A oferta do Império causou, de fato, comoção nos homens acima de dezoito anos, que, diante de um país que embora vivesse a euforia de prosperidade econômica da segunda metade do século XIX, promovida pela produção cafeeira em alta escala e pela diversificação agrícola verificada no período – como o algodão, o cacau e ainda a borracha – a riqueza produzida pouco mudava a vida dessas pessoas que viram, na Guerra, a grande chance de resolver seus problemas particulares.

Segundo Fragoso (1934, p. 259), durante os anos de conflito o governo imperial enviou ao campo de batalha cerca de 130.000 homens do Exército e 8.800 homens da Marinha, perfazendo um total aproximado de 139.000. Dados constantes de um mapa elaborado por Domingos José Nogueira Jaguaribe, em 1871, quando Ministro da Guerra, no início do conflito, diz que o efetivo era de aproximadamente 17.000 homens. Mas a questão que nos chama atenção está relacionada ao retorno da tropa brasileira do Sul do Brasil, que se deu a partir de 1871, ficando naquela região um efetivo reduzido até o ano de 1876.

A relação amistosa que se estabeleceu entre a oficialidade e o Império no início do conflito não se repetiu por ocasião do retorno da tropa. A corte, temendo que a repercussão da vitória viesse a estremecer as bases de seu governo, tratou de amenizar a glória dos militares que se sentiram inicialmente ofendidos pela ingratidão do império. Os velhos e cansados generais não foram recebidos como

esperavam; as promessas feitas aos voluntários não foram plenamente cumpridas pelo Império; o efetivo do Exército foi radicalmente reduzido; o aumento nos soldos há muito desejado foi esquecido.

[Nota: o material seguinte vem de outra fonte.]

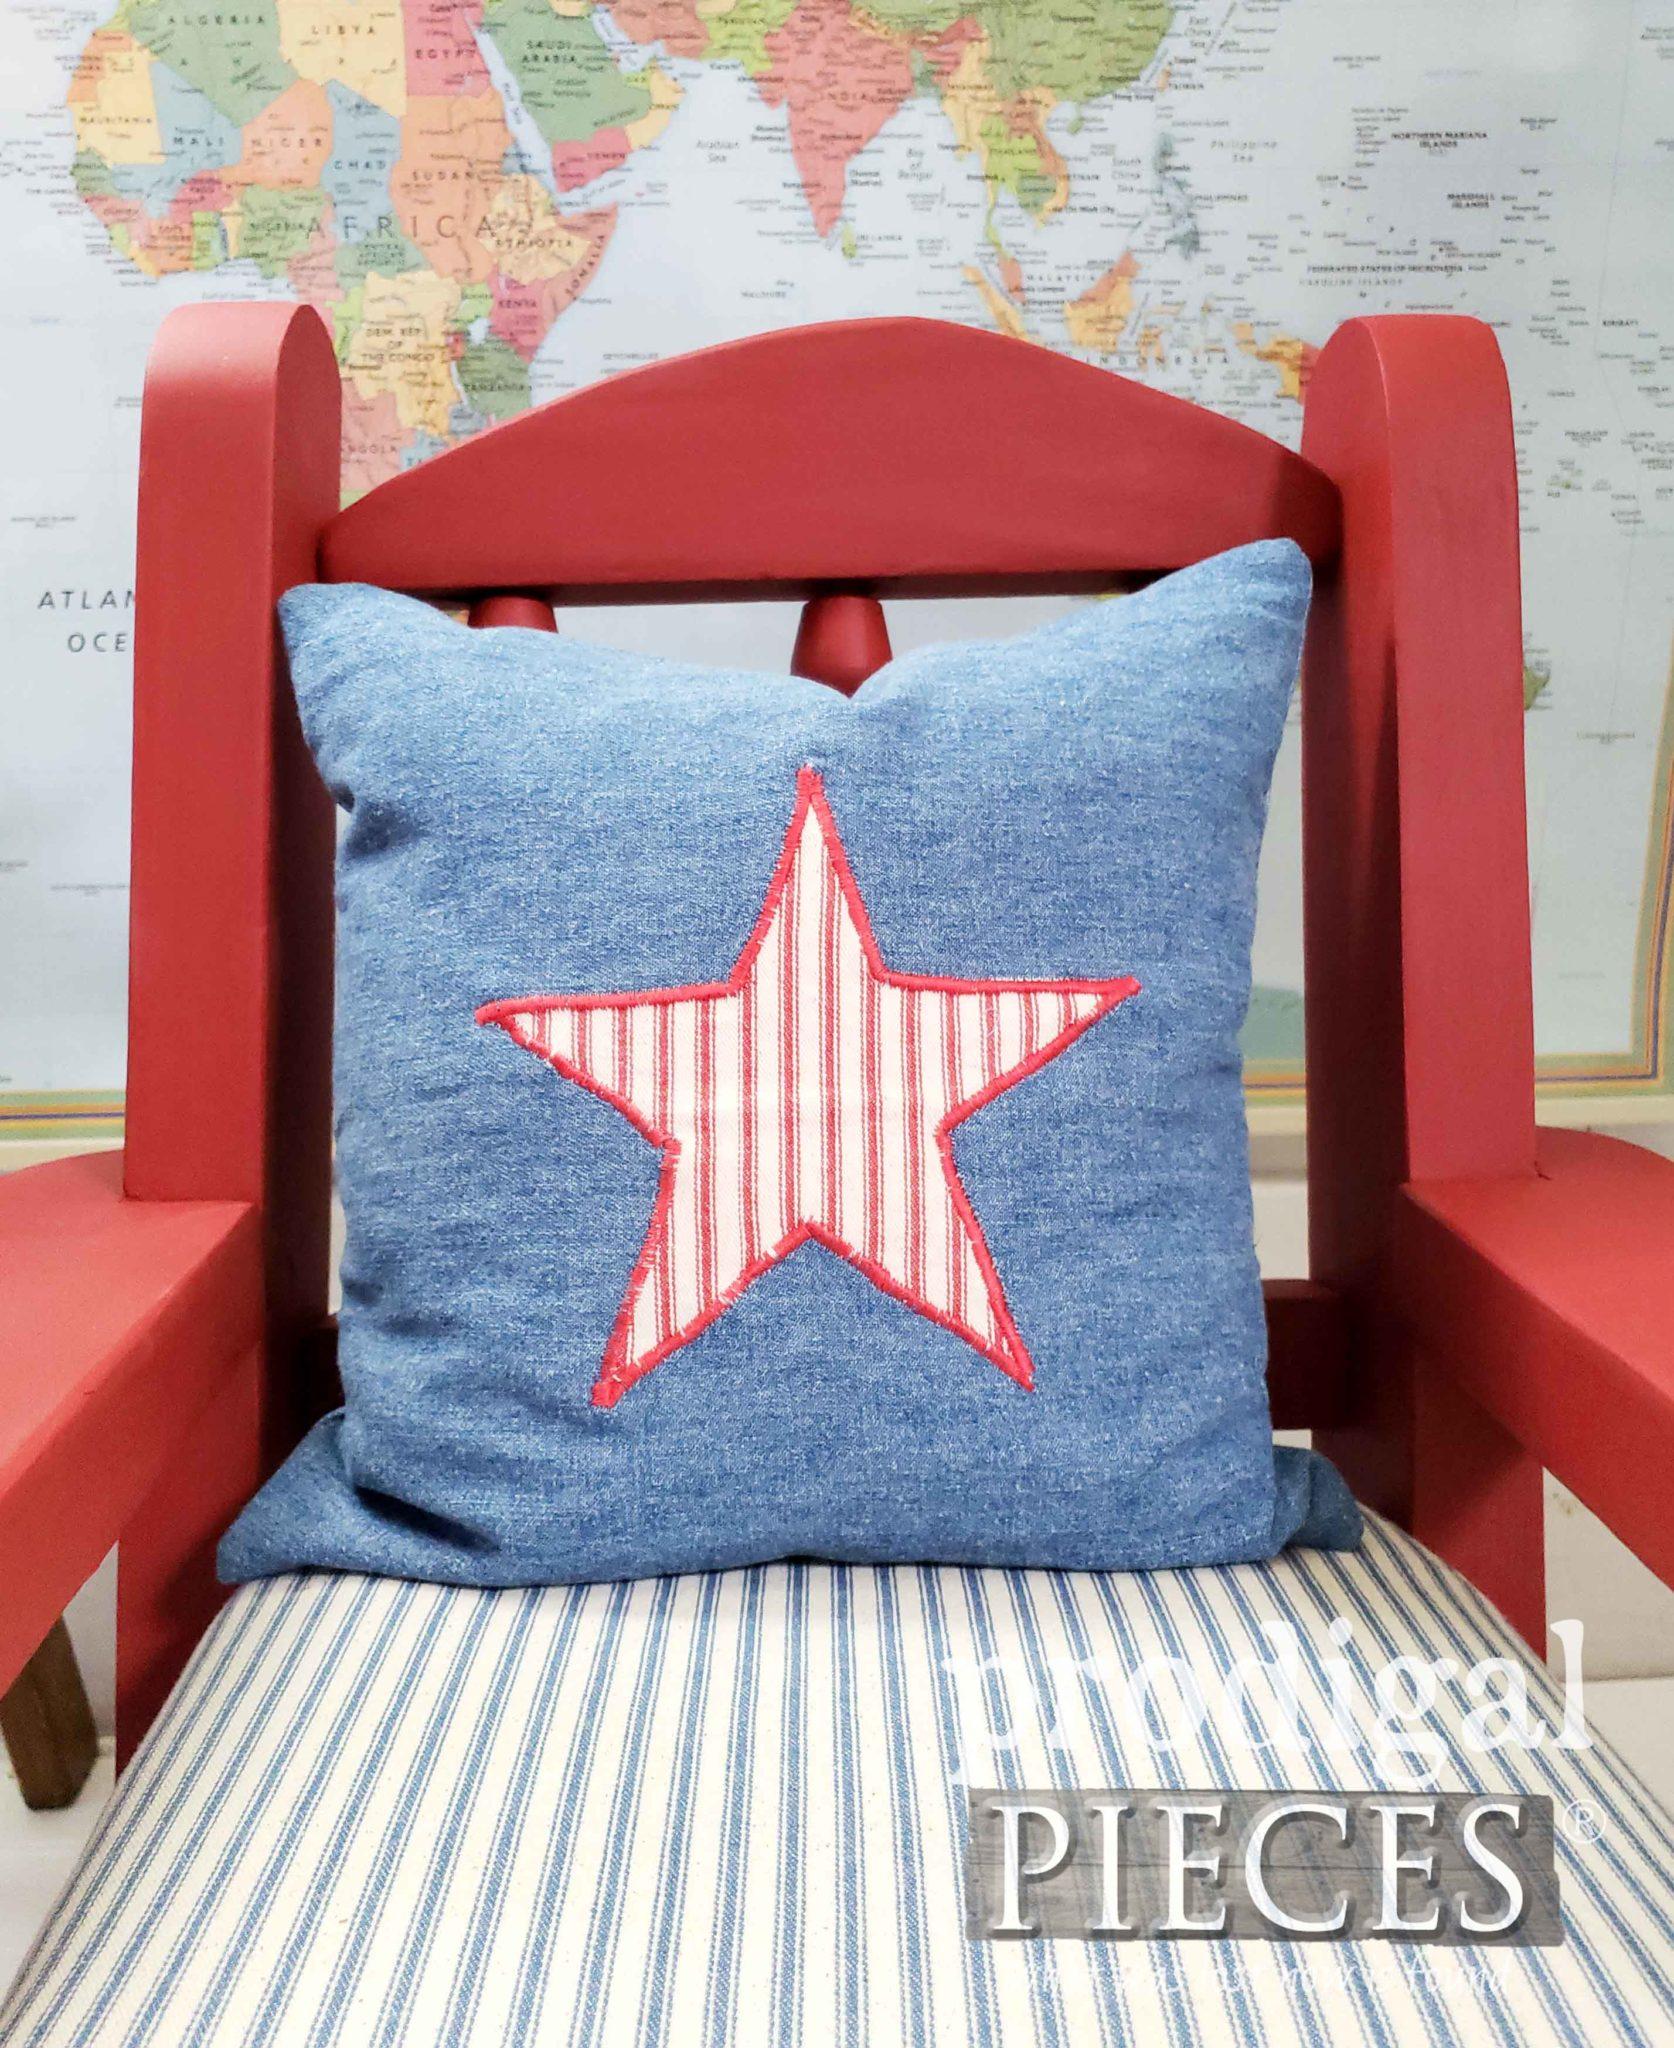 Handmade Denim Pillow with Ticking Stripe Star by Larissa of Prodigal Pieces | prodigalpieces.com

A postura hostil do império causou profundas mágoas e sentimento de revolta nos militares, que posteriormente transformaram a dura experiência em um discurso ético que passou a compor o repertório ideológico dos militares brasileiros: o de se verem como os únicos que efetivamente davam provas concretas de amor e sacrifício à pátria. Afinal, entendiam eles que haviam se submetido às mais duras situações durante o conflito, superando a falta de preparo tático e material, causados pela própria negligência do governo em não investir, por décadas, em políticas de guerra, sujeitando-os a condições inóspitas durante o combate38.

Assim, com o fim da Guerra do Paraguai, o regresso do Exército marcou o início de uma nova fase das relações entre os militares e o Império. O Exército, apesar dos percalços causados pelo posicionamento do Império, era agora uma força político- militar muito maior do que antes da guerra. A situação cada vez mais distante entre Exército e Império levou os militares à natural adesão, inicialmente à campanha abolicionista e posteriormente ao movimento republicano, sob a forte influência da filosofia positivista.